I've done it. The hole saw likes to walk around &/or move the board. The pilot bit is there to help with precise placement of the hole saw and to prevent the walking/kickback but if you clamped the material solidly, I don't see a real problem on that front.

The only possible issue I can imagine for what you want to do is that hole saw teeth generally have a lot of set and cut a wide kerf. That means the press discs would fit very loosely in the holes and you could have a lot of squeeze out.


----------



## DrDirt (Feb 26, 2008)

I think no problem the way you plan to do it.

The arbor is really for 'freehand' drilling to keep the hole saw from walking around…. especially a hand drill with a 4 inch bit to cut a dryer vent hole in vinyl siding…..(don't know how I know that  )

With it anchored, should be no issue.

keep in mind you will have a good size gap around the edge where the kerf will leave a void, but for pressing burger…. no sweat!


----------



## Dal300 (Aug 4, 2011)

The easiest way I have found to do that is to use a scrap piece attached to the face you want to cut out.
Set the drill bit back so it can only contact the scrap wood until you get the saw teeth into the main piece.
Once you are in to the main piece about 1/8" you can remove the scrap and the drill bit because the hole saw will then be automatically centered.


----------



## InstantSiv (Jan 12, 2014)

1. Cut a hole in a piece of scrap.
2. Use that scrap as a template/guide to where you want to drill in your final piece.
3. Take the drill bit off or use a mandrel without the drill bit.
4. Drill away.

I haven't done this but this was suggested to me by some who does a lot of hole saw work.


----------



## ChefHDAN (Aug 7, 2010)

Thanks Y'all appreciate the affirmation that it's not going to be a foolish digit jeporadizing idea.

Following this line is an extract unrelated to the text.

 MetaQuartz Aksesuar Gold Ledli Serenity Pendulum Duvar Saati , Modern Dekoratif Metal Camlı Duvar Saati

The gap shouldn't be an issue, the stock is 3/4" and it'll be used to form 8oz and 6 oz patties of our custom grind, kills me to watch a cook stand there doing them 1 at a time with a ring mold, way back before patties could be bought pre formed we would do something like this, but it was still one at a time… If I don't loose my day shoveling snow I'll try to get it done today and put up a pic!


----------



## TheFridge (May 1, 2014)

If you use it in a drill a template wouldn't be necessary. Just cut lightly to start and then it'll guide itself. You wouldn't have to worry about walking much with a polyethylene like material.

If you're using an portable drill then you prob should use a template.

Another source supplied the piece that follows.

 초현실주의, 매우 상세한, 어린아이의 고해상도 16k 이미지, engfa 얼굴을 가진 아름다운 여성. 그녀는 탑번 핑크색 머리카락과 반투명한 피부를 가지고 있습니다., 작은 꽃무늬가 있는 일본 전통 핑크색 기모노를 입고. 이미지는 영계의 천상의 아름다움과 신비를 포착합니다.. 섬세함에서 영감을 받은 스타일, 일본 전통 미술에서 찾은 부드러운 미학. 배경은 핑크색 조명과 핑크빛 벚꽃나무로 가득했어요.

If I can do it in sheet metal then plastic should be easy easy.


----------



## JoeinGa (Nov 26, 2012)

I remember as a young lad (of about 16) .. I was helping a neighbor add 6" speakers to the front doors of his Dad's *BRAND NEW *Cadillac. He wanted to try to save the cut-out and use the cloth from it to cover the speaker grills so they'd blend in with the door panels. He bought a 6" hole saw and was trying to figure out a way to do just what you're asking.

"No problem" I said. "Just take that drill bit out and we'll lay the drill sideways on this chair that's the right height. That way, the bit wont wander when we drill the hole"

"Joey, you SURE this will work? I'm doing this to surprise my Dad for his birthday. He'll be mad as hell if we screw up this door panel."

"Yeah. No problem. I can do this. Gimme that drill."
.
.


----------



## jmartel (Jul 6, 2012)

What I would do would be to leave the center bit in so that it drills the hole. Then you would drill the same sized hole into the backer board, and fill both with a peg when gluing. Sand/cut off flush and be done with it. That to me would be the easiest way to do it.


----------



## ChefHDAN (Aug 7, 2010)

HAHAHAHAH

Joe what was the line in Fast times at Ridgmont High, Don't worry my dad's got an awesome set of tools… or something like that…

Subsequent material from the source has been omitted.